Along with my khaver, Arieh Lebowitz, and other friends, I attended New York’s rally in Central Park for Darfur, part of an international day of protest. The following thoughts are based upon an e-mail discussion inspired by this event.
Clearly, there should have been more Christian and African-American involvement and there should be more support from the anti-war movement. I met the UFPJ coordinator of Palestinian issues at an event of my own last Friday (more on this tomorrow); he was busy planning their protest Tuesday at the UN, against Pres. Bush. The only visible presence of the UFPJ at the Darfur event was to advertise their rally.
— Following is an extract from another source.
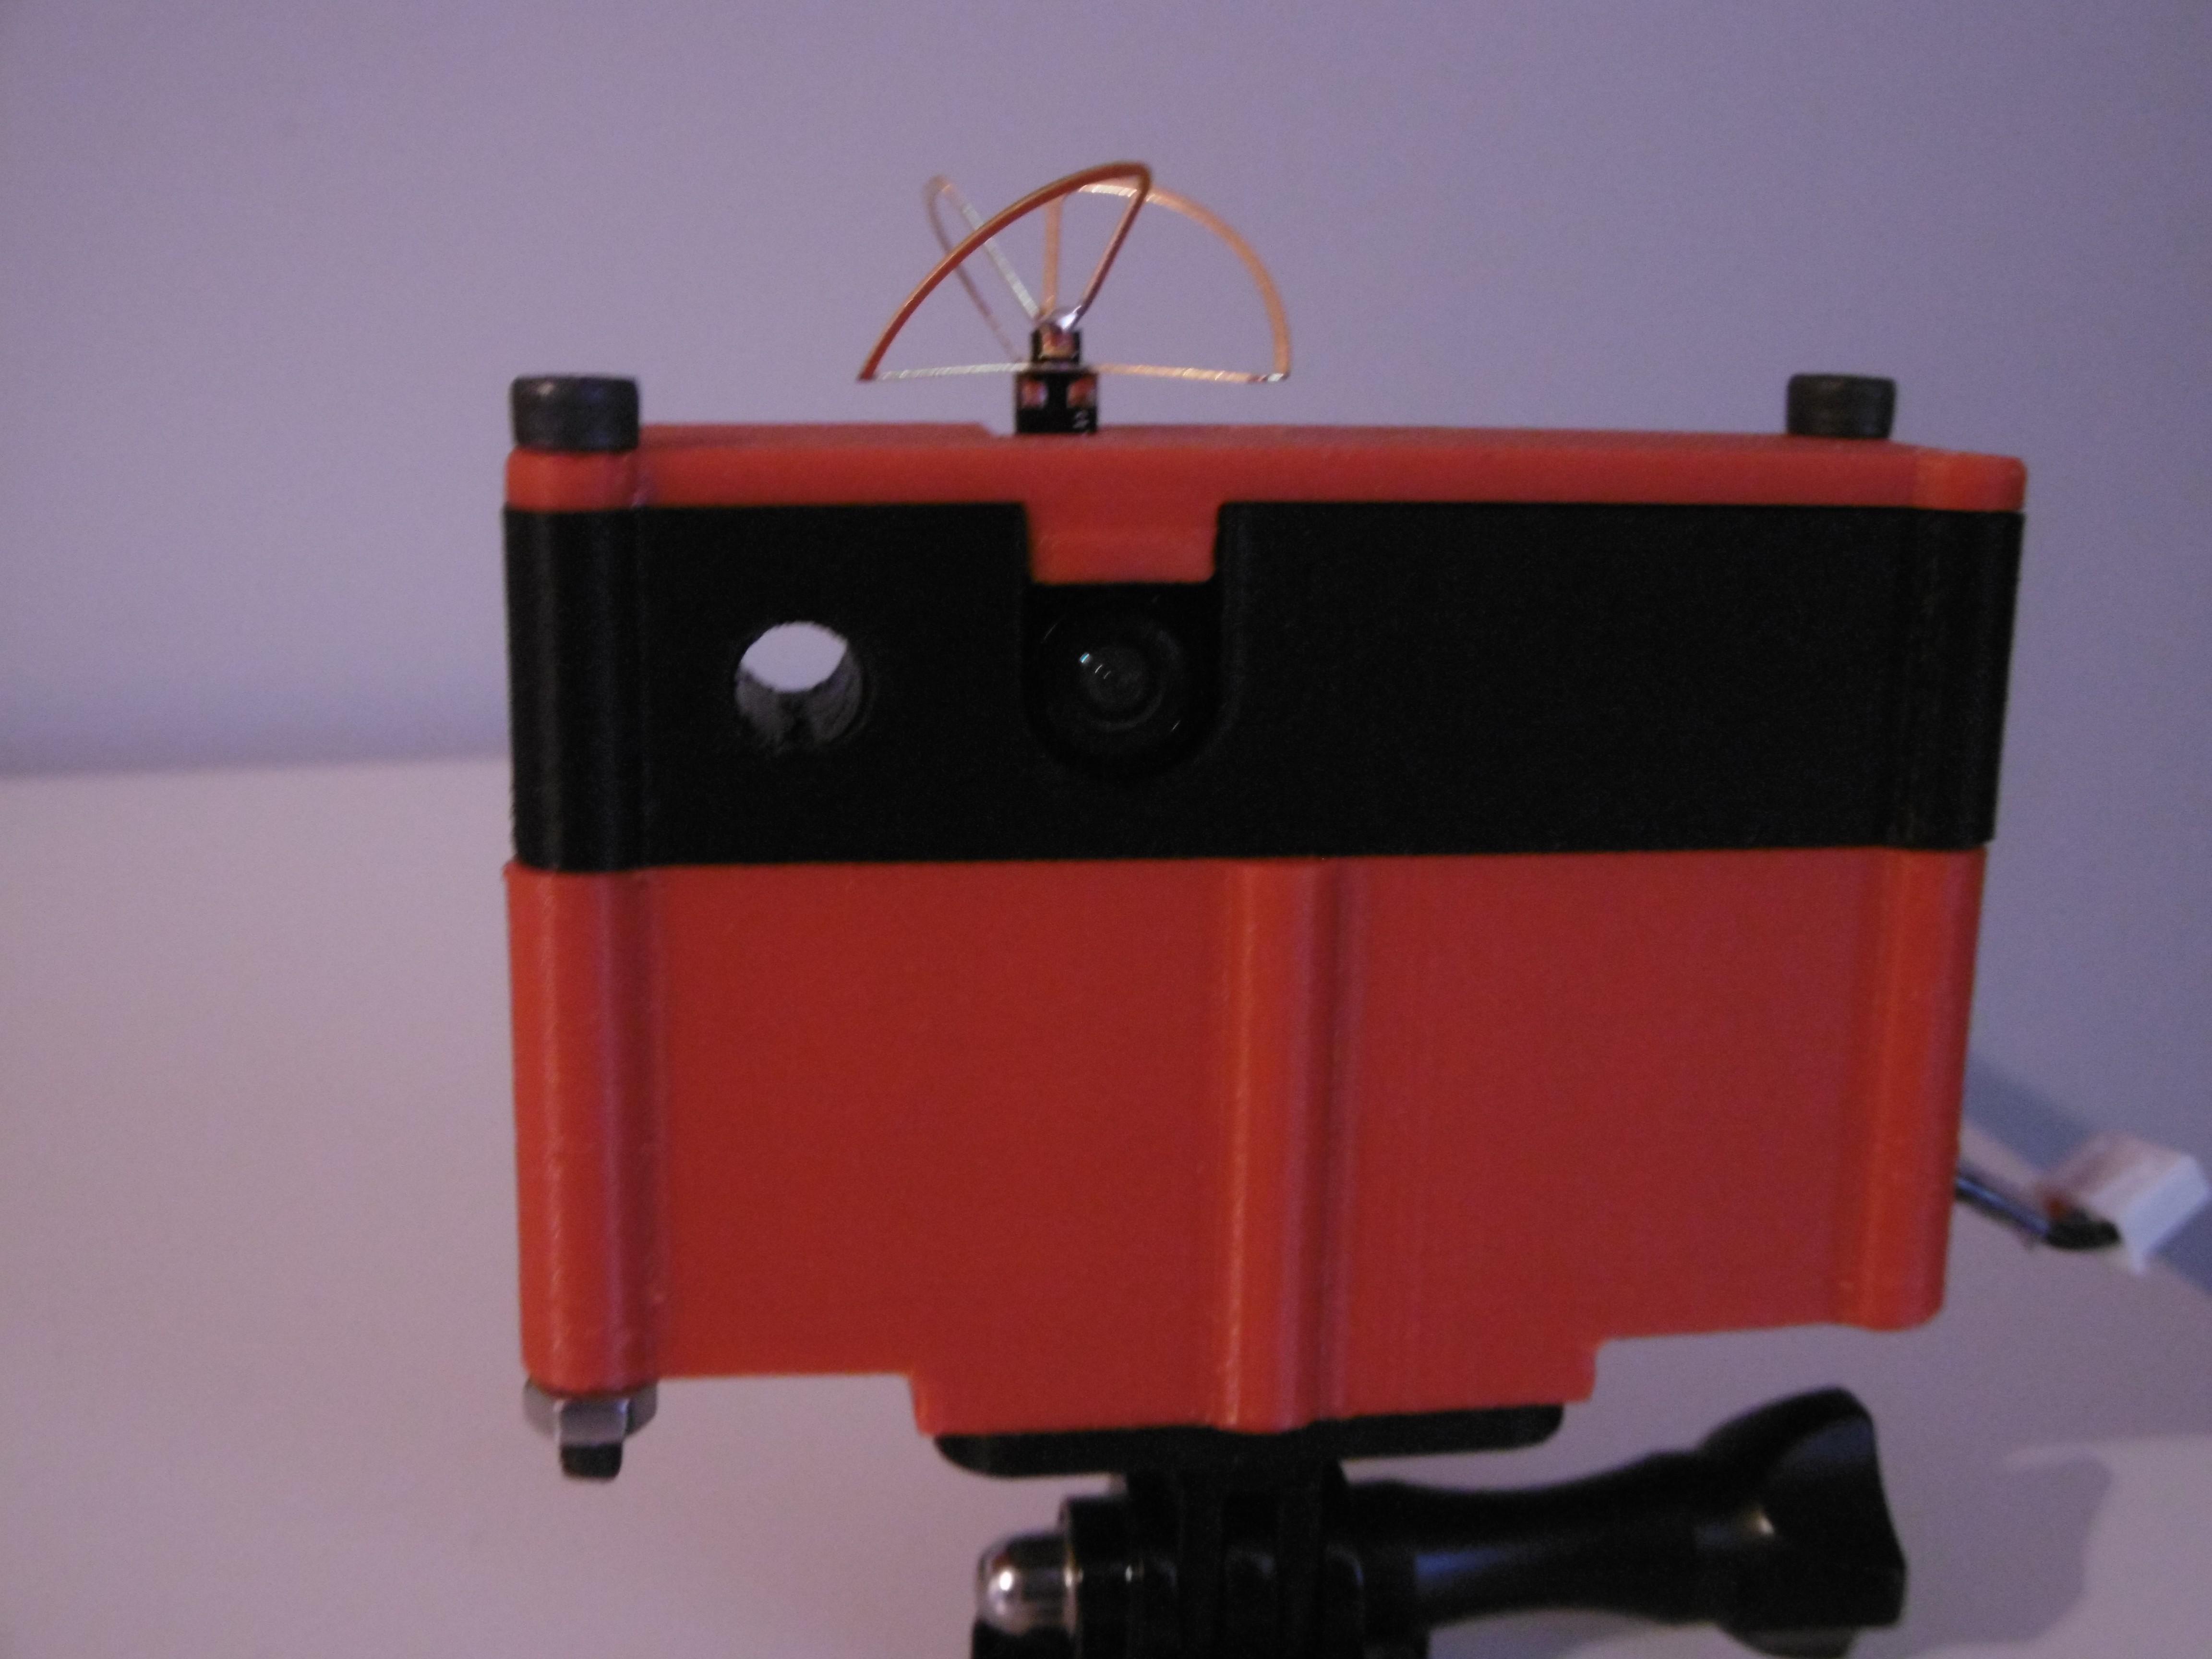 P1000951.JPG Download free STL file 5.8GHz Transmitter Holder with Miniature Camera • 3D printable object, JJB

The Darfur cause makes for some strange moments. I can only guess the real meaning of the Harlem-based Muslim cleric who seemed to warn AGAINST action against the Khartoum regime and indicated the evil role of oil interests at the same time that he opposed genocide in Darfur. Actually, there is some cynical role of oil interests in this affair; the Chinese have been blocking an effective UN role because, according to Thomas Friedman’s NY Times column of Sept. 27, “the China National Petroleum Corporation owns 40 percent of the Sudan consortium that pumps over 300,000 barrels of oil a day from Sudanese wells.”
Still, I guess that the imam was squaring the circle, articulating the kind of excuses the far left uses for their lack of action on Darfur, at the same time that he was raising his voice FOR the Darfuris. All he needed was to mention the sinister “Zionist” presence in the movement (to my relief, he did NOT) to make his troubling and confusing statement complete.
The Jewish presence was substantial – running the gamut from modern Orthodox yeshiva students to Habonim Dror youngsters in their blue shirts with red lace. Our small group holding Jewish Labor Committee placards drew attention and Arieh was interviewed and quoted by a JTA reporter for his article. Arieh also posted on this blog in May with info on the ideological idiocies of opponents of the Save Darfur/anti-genocide movement.
A strength of the Darfur issue is that it is or should be a unifying cause for Jews, Christians and Muslims, whites and blacks, right-wingers and liberals. Theoretically, Bush and McCain are on our side, as are evangelicals.
One of those who opined on e-mail with me proposed:
a ‘national night of bonfires’. We’re all aware that the Janjaweed are killing infants and children by burning them alive on bonfires. If this were happening to white European children, the outcries would be deafening. Where is the outrage?
My response was that white European children were burned in huge numbers during the Holocaust, as were other white Europeans slaughtered in Yugoslavia in the early 1990s. Neither episode stirred effective “outrage” until the killings were mostly done. What does this tell us? “Never again” remains a slogan and not a successful rallying cry for action.
I’m struck by how in the first half of the last century, nations mobilized millions of soldiers to slaughter each other but still cannot bestir themselves to find a relative handful of a few thousands – a few tens of thousands at most – to safeguard innocents. (I wrote on this for the New Jersey Jewish News, “While Europe Slept…” – the editor’s choice of title.) It’s probably past time for the UN to have its own fairly small, professional standing army available for such emergency situations.